■ INFORMATION GIVEN:
-------------------------
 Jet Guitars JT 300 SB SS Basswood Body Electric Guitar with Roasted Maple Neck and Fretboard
-------------------------
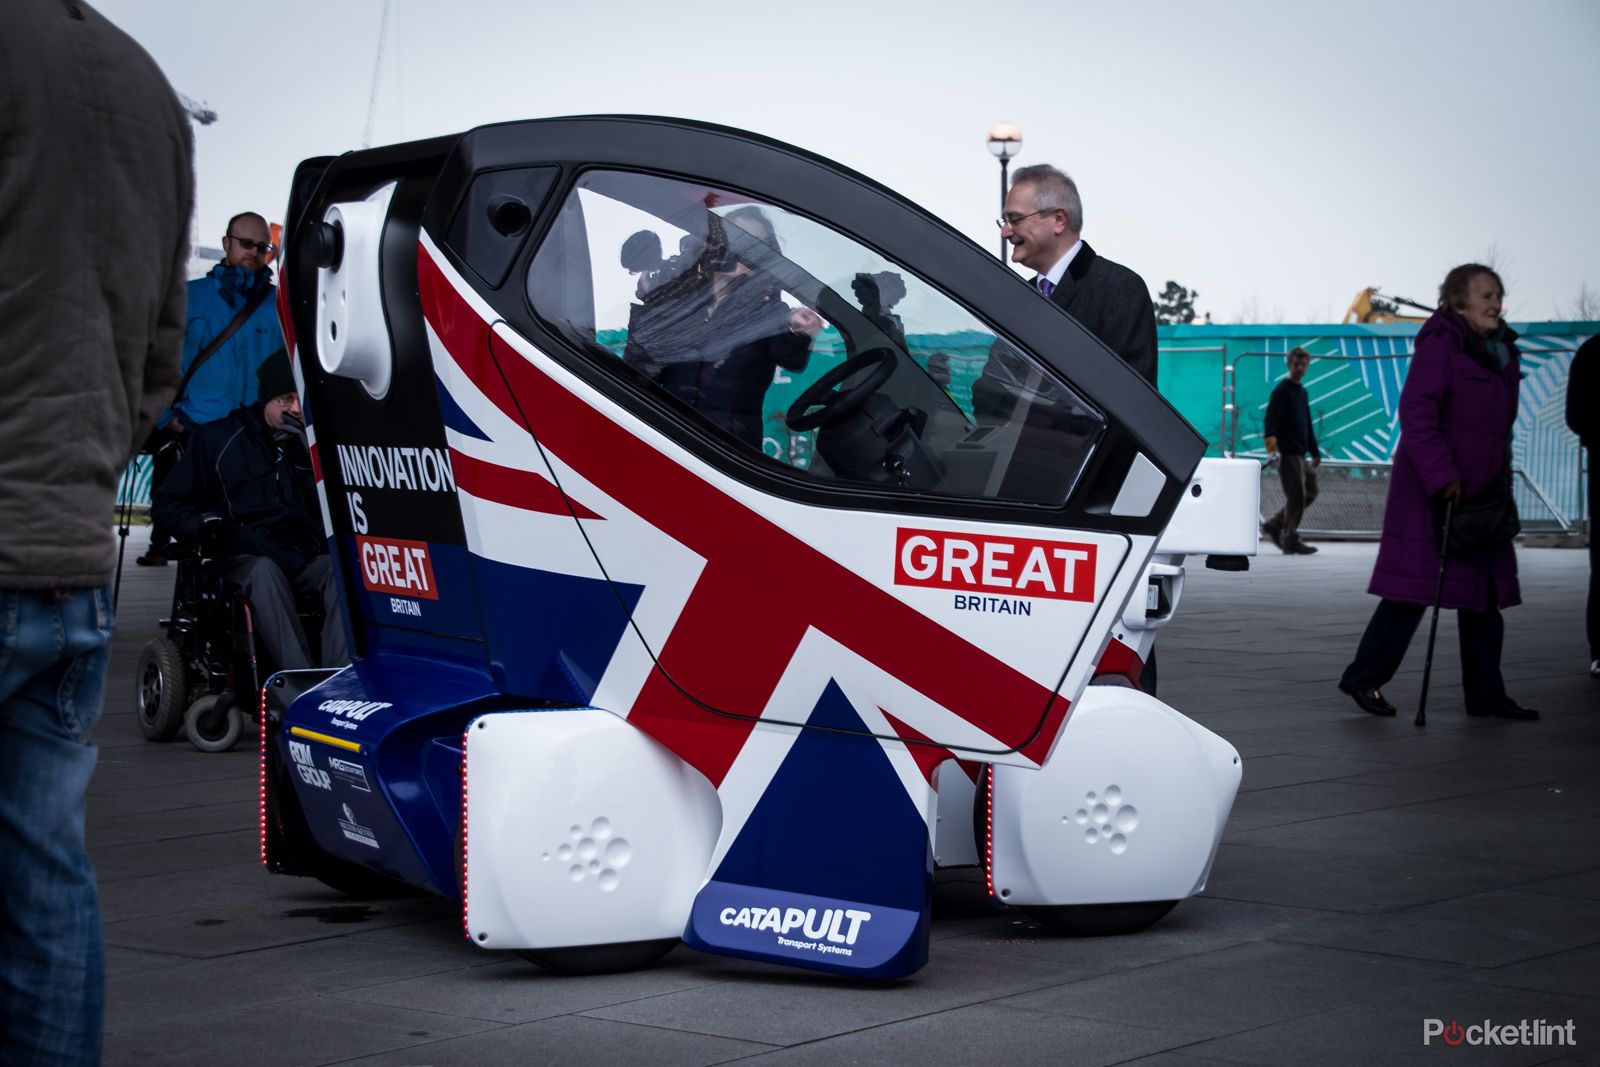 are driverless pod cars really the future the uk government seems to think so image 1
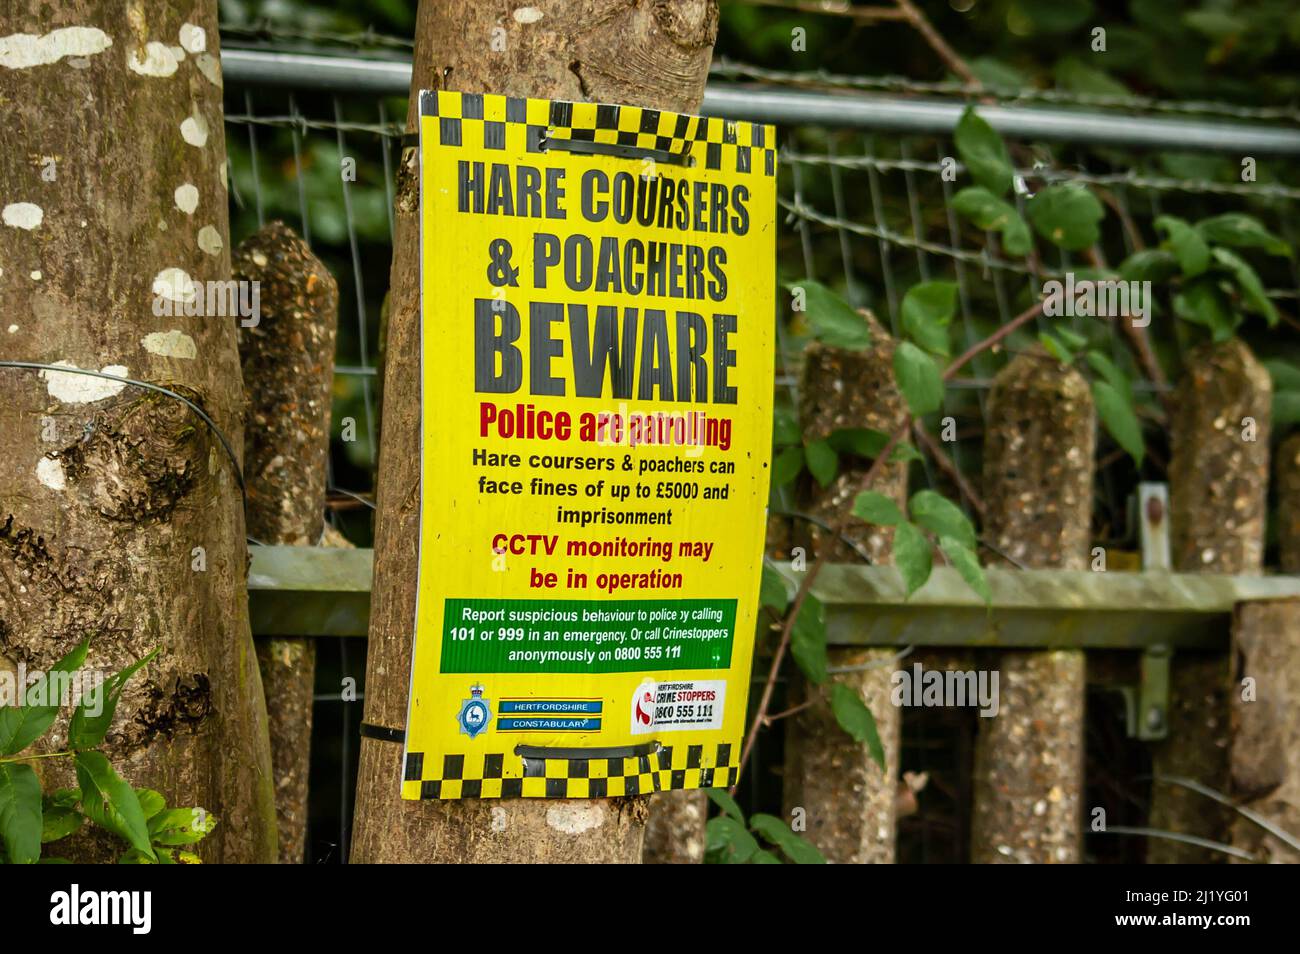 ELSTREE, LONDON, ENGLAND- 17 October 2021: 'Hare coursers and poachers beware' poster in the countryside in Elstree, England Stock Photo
-------------------------
■ TRY IT: Your reply should hold nothing but the lines above, from the one containing "are driverless pod" to the one containing "ELSTREE, LONDON, ENGLAND- 17", reproduced exactly minus the pictures.

■ REPLY TO THE EXERCISE:
 are driverless pod cars really the future the uk government seems to think so image 1
 ELSTREE, LONDON, ENGLAND- 17 October 2021: 'Hare coursers and poachers beware' poster in the countryside in Elstree, England Stock Photo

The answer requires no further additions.